Arch Ophthalmol. 1999;117(9):1161-1173. doi:10.1001/archopht.117.9.1161

Objective  To evaluate the safety and short-term visual and fluorescein angiographic effects of a single photodynamic therapy treatment with verteporfin with the use of different dosage regimens in patients with choroidal neovascularization (CNV) from age-related macular degeneration.

Design  Nonrandomized, multicenter, open-label, clinical trial using 5 dosage regimens.

Setting  Four ophthalmic centers in North America and Europe providing retinal care.

Participants  Patients with subfoveal CNV caused by age-related macular degeneration.

Methods  Standardized protocol refraction, visual acuity testing, ophthalmic examination, color photographs, and fluorescein angiograms were used to evaluate the effects of a single treatment of photodynamic therapy with verteporfin. Follow-up was planned through 3 months in 97 patients and for less than 3 months in 31 other patients.

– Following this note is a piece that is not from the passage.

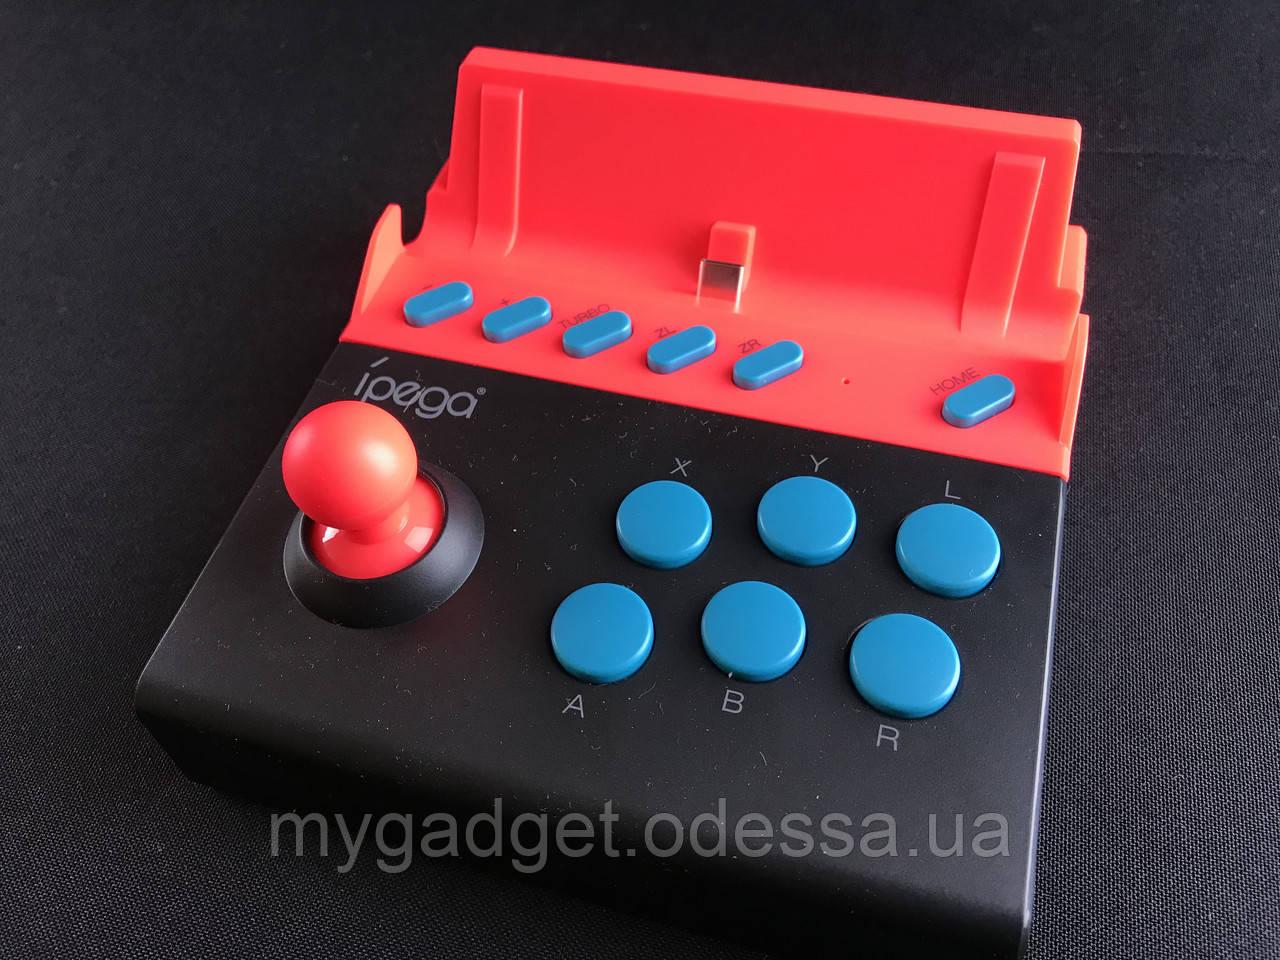 Игровой контроллерiPega PG-9136 N-Switch
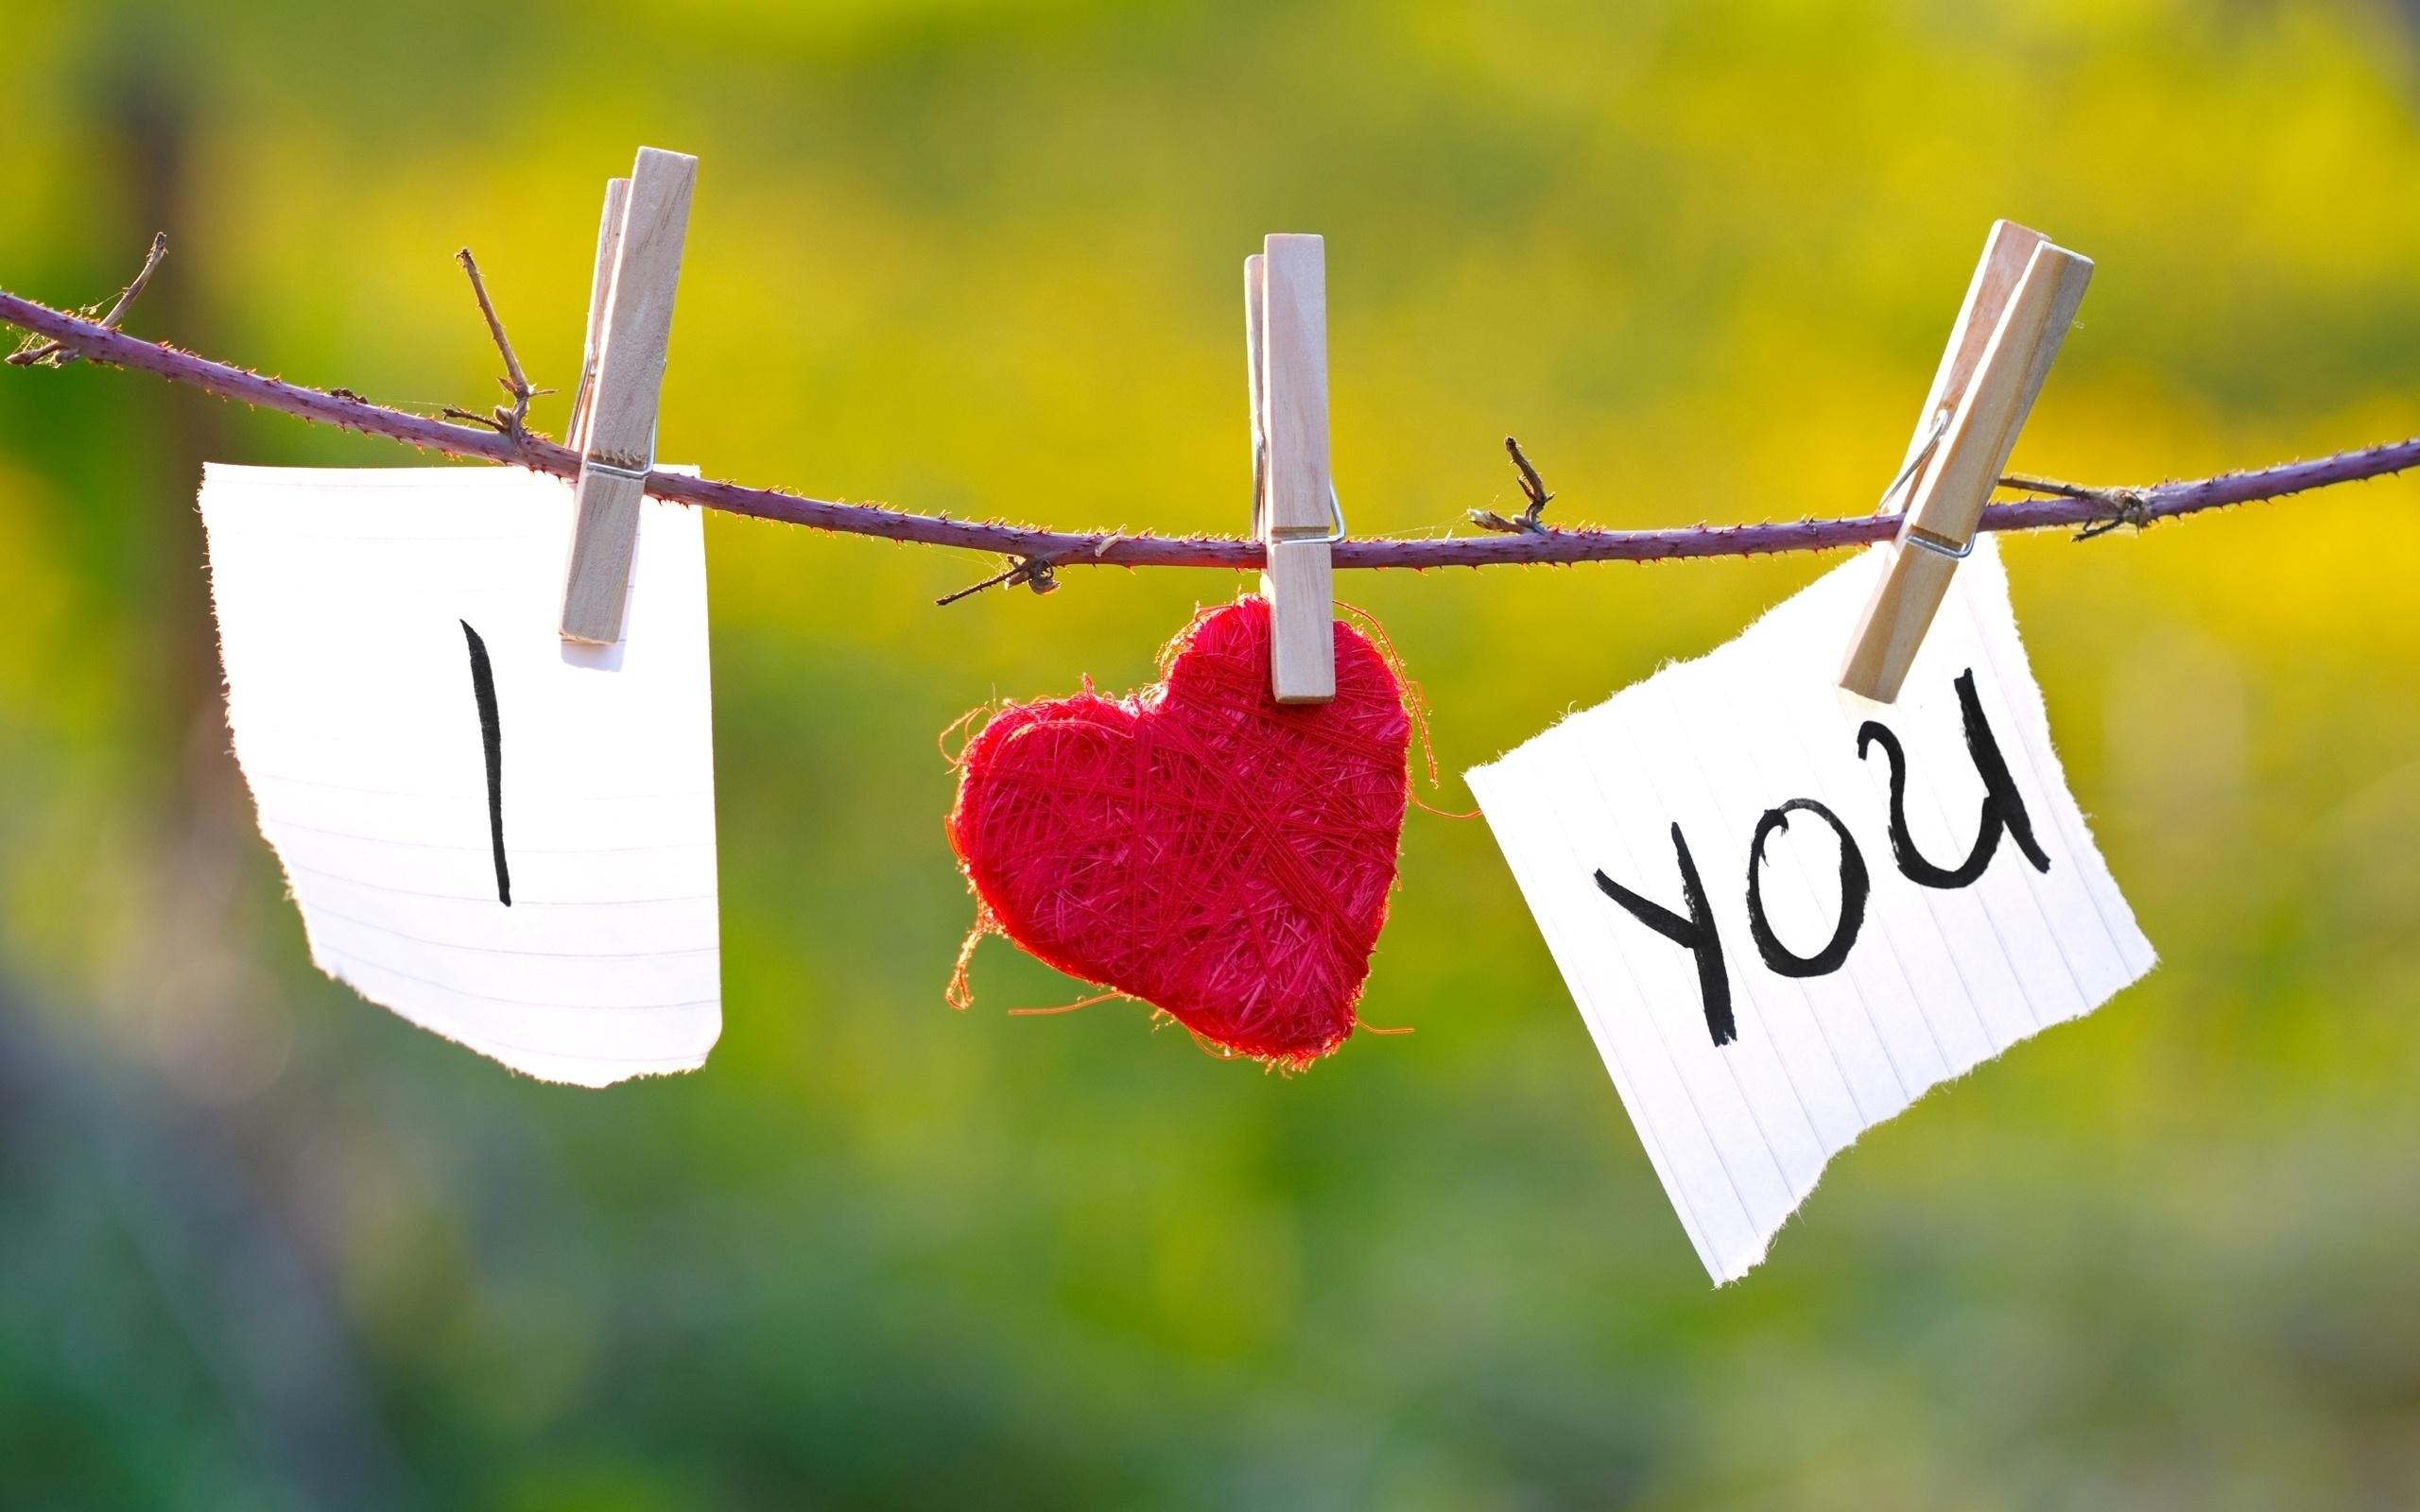 صورة كلمات للحبيب رومانسيه , اجمل كلمات الحب والرومانسية الجاذبة للحبيب

Results  The mean visual acuity change (and range of change) from baseline at the follow-up examination at week 12 after a single treatment with regimens 1 through 5 was −0.2 (−3 to +2), −0.9 (−9 to +5), −1.6 (−9 to +2), +0.4 (−8 to +7), and +0.1 (−8 to +9) lines, respectively. Only the highest light dose (150 J/cm2) in regimens 2 and 3, which produced angiographic nonperfusion of neurosensory retinal vessels, caused marked vision loss. Some cessation of fluorescein leakage from CNV was achieved without loss of vision when the light dose used was less than 150 J/cm2. Systemic adverse events were rare. Cessation of fluorescein leakage from CNV was noted in all regimens by 1 week after photodynamic therapy. Fluorescein leakage from at least a portion of the CNV reappeared by 4 to 12 weeks after treatment in almost all cases. Progression of classic CNV beyond the area of CNV identified before treatment was noted in 42 (51%) of the 83 eyes with classic CNV followed up for 3 months after a single treatment. Eyes in which the area of any CNV leakage at 12 weeks was less than at baseline had a significantly better visual acuity outcome (+0.8 line) than eyes in which CNV leakage progressed (−0.8 line).

Conclusions  Photodynamic therapy with verteporfin achieved short-term cessation of fluorescein leakage from CNV without loss of vision or growth of classic CNV in some patients with age-related macular degeneration. Except for nonperfusion of neurosensory retinal vessels at a light dose of 150 J/cm2, no other adverse events were of concern. Randomized clinical trials to investigate whether this new modality can preserve vision in patients with CNV secondary to age-related macular degeneration are justified.